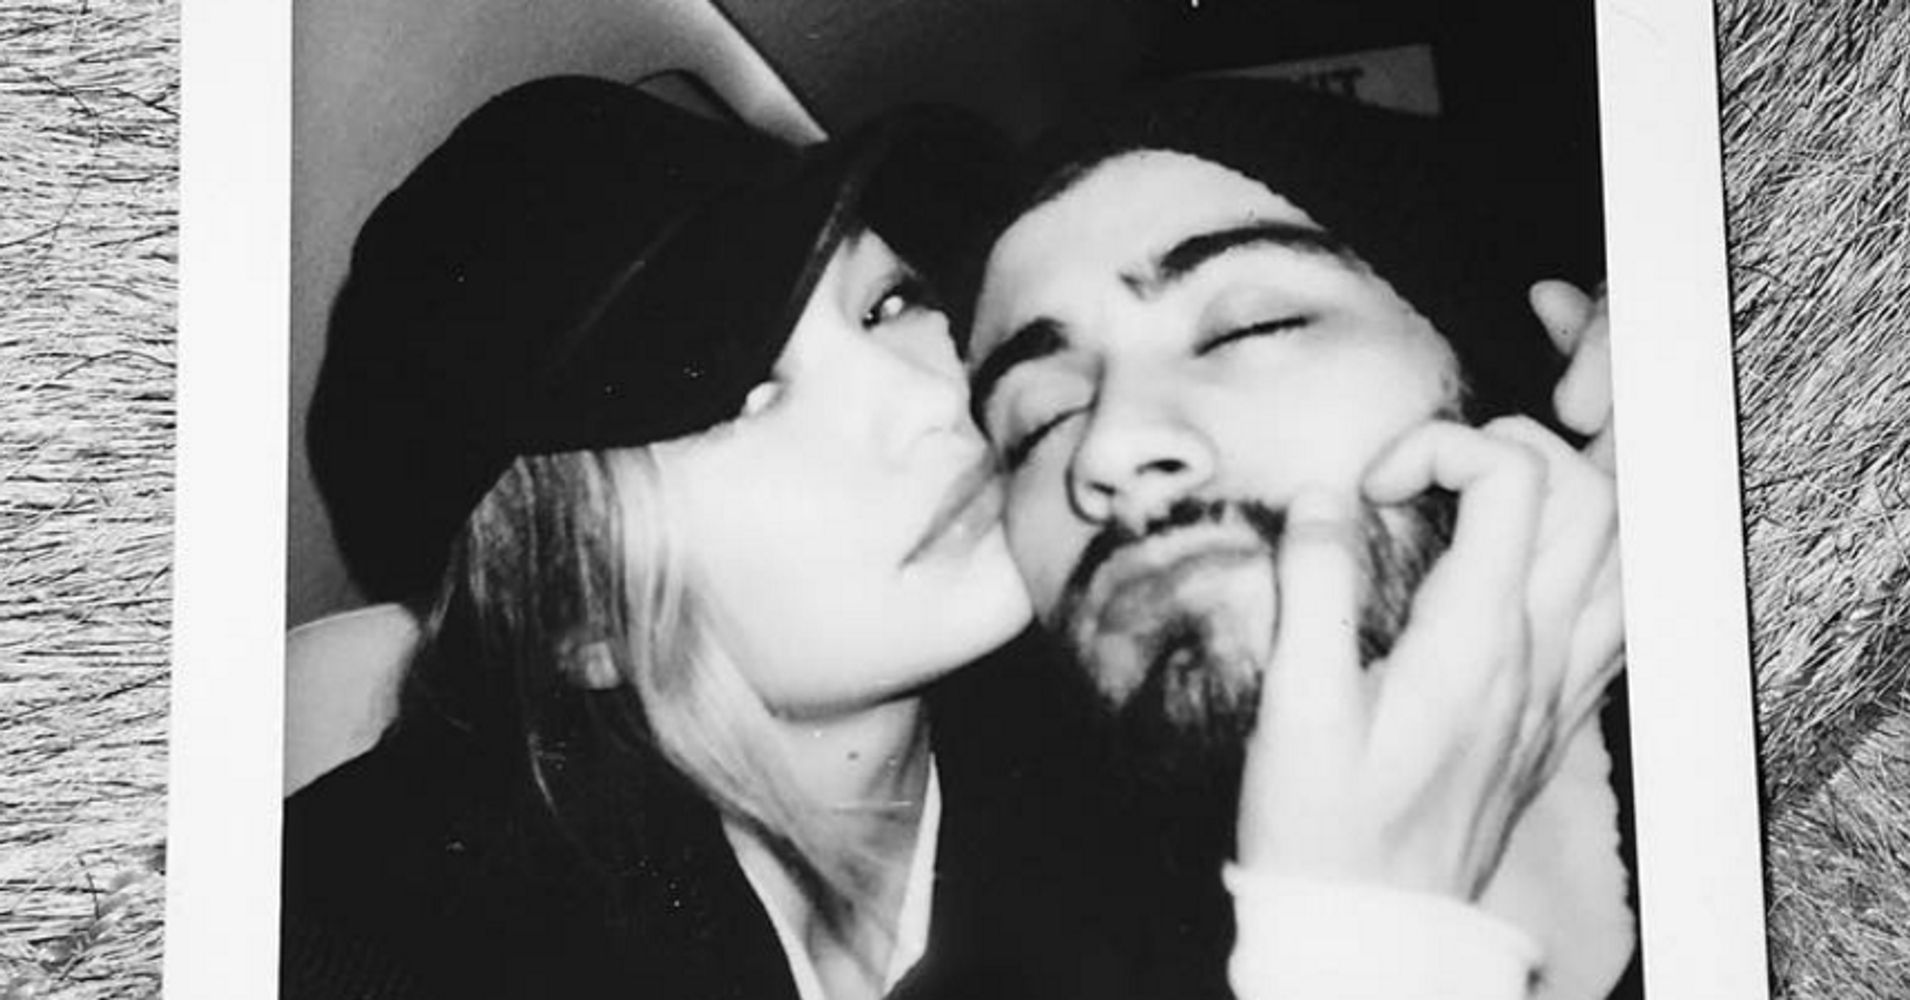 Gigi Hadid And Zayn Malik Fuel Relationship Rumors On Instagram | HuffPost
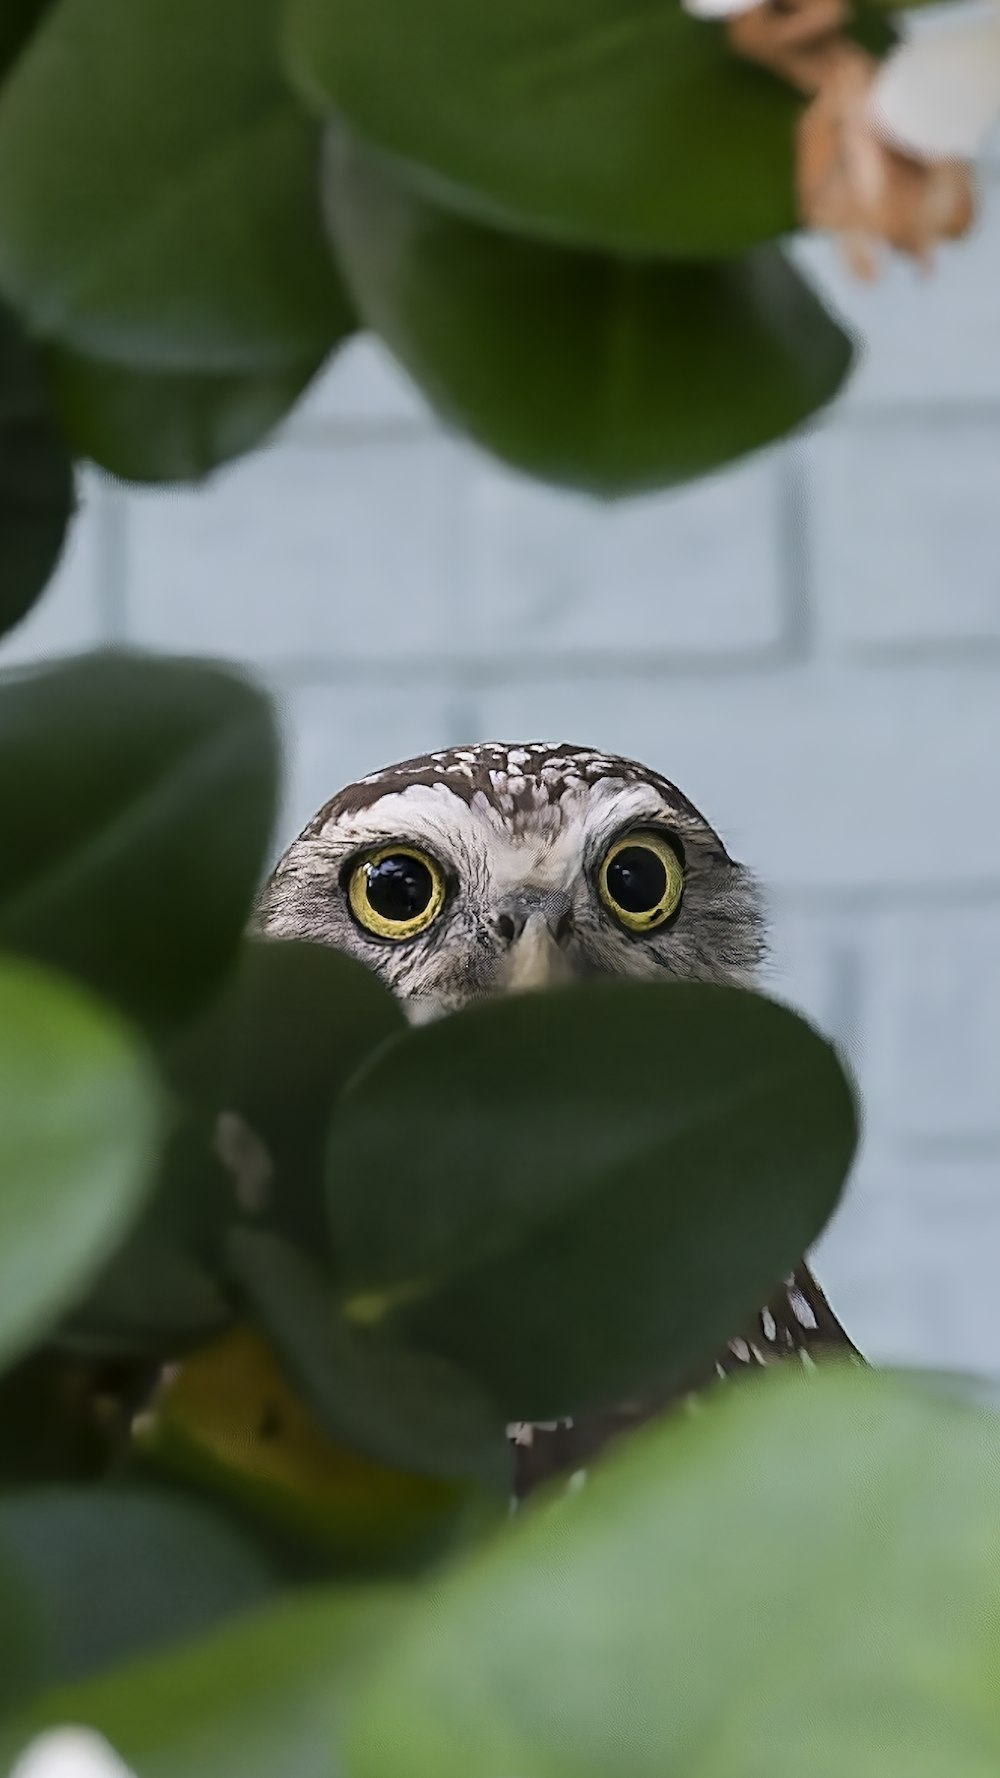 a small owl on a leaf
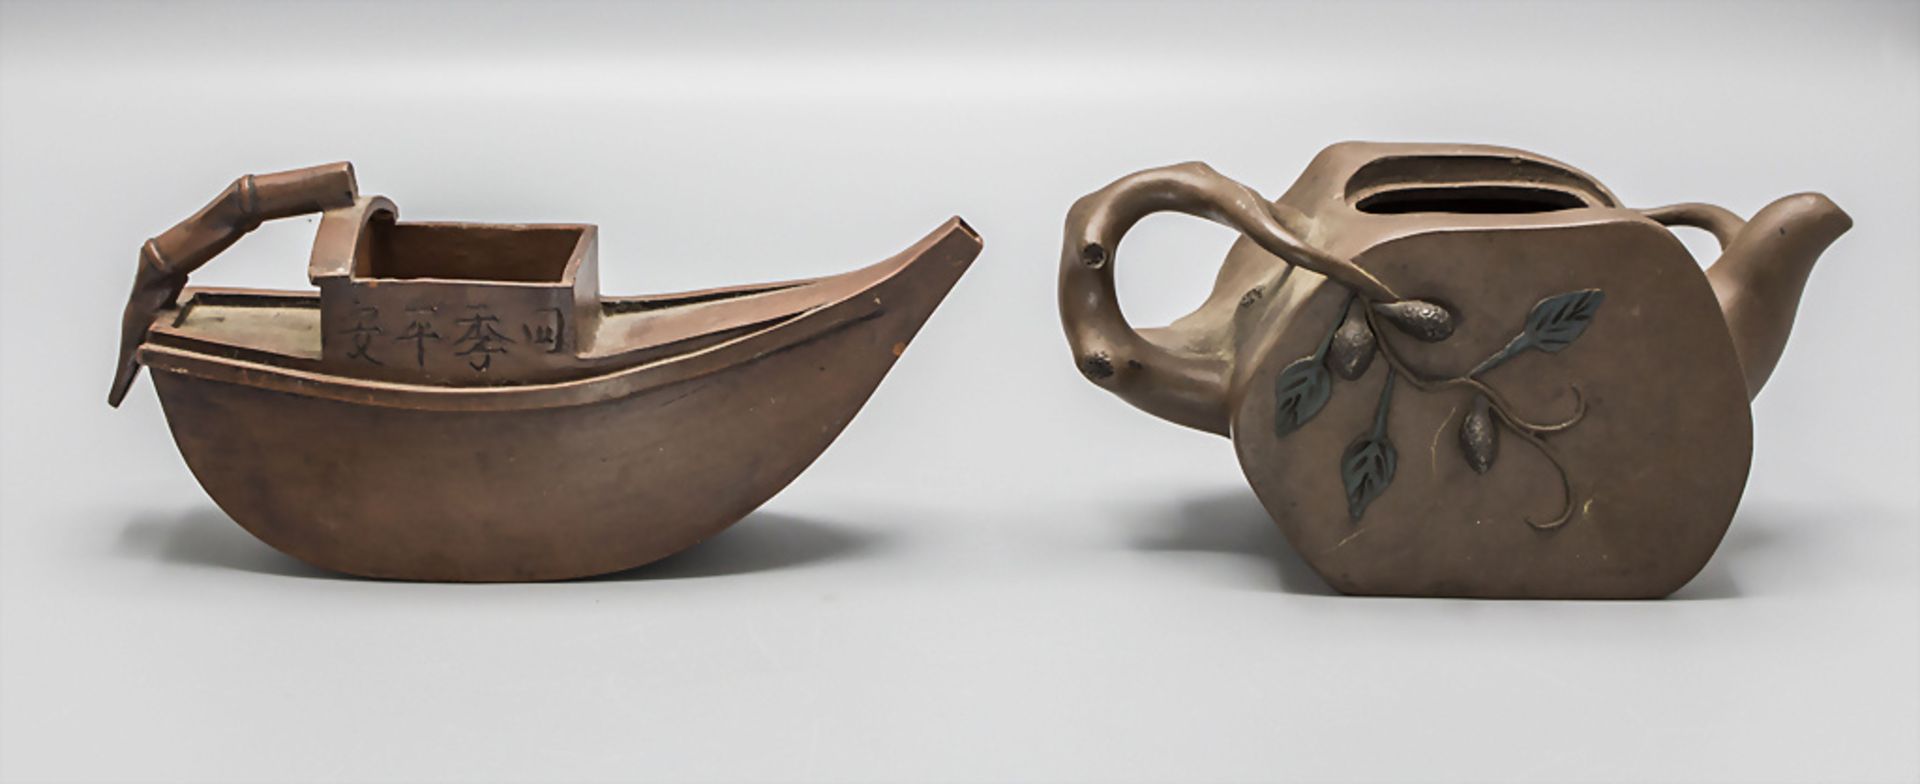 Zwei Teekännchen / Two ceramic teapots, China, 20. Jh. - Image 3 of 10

# TASK PROMPT
Output the line containing "a small owl on a leaf" and each line after it, through the end of the material, exactly as given. No pictures belong in the output.

# TASK RESULT
 a small owl on a leaf
 Zwei Teekännchen / Two ceramic teapots, China, 20. Jh. - Image 3 of 10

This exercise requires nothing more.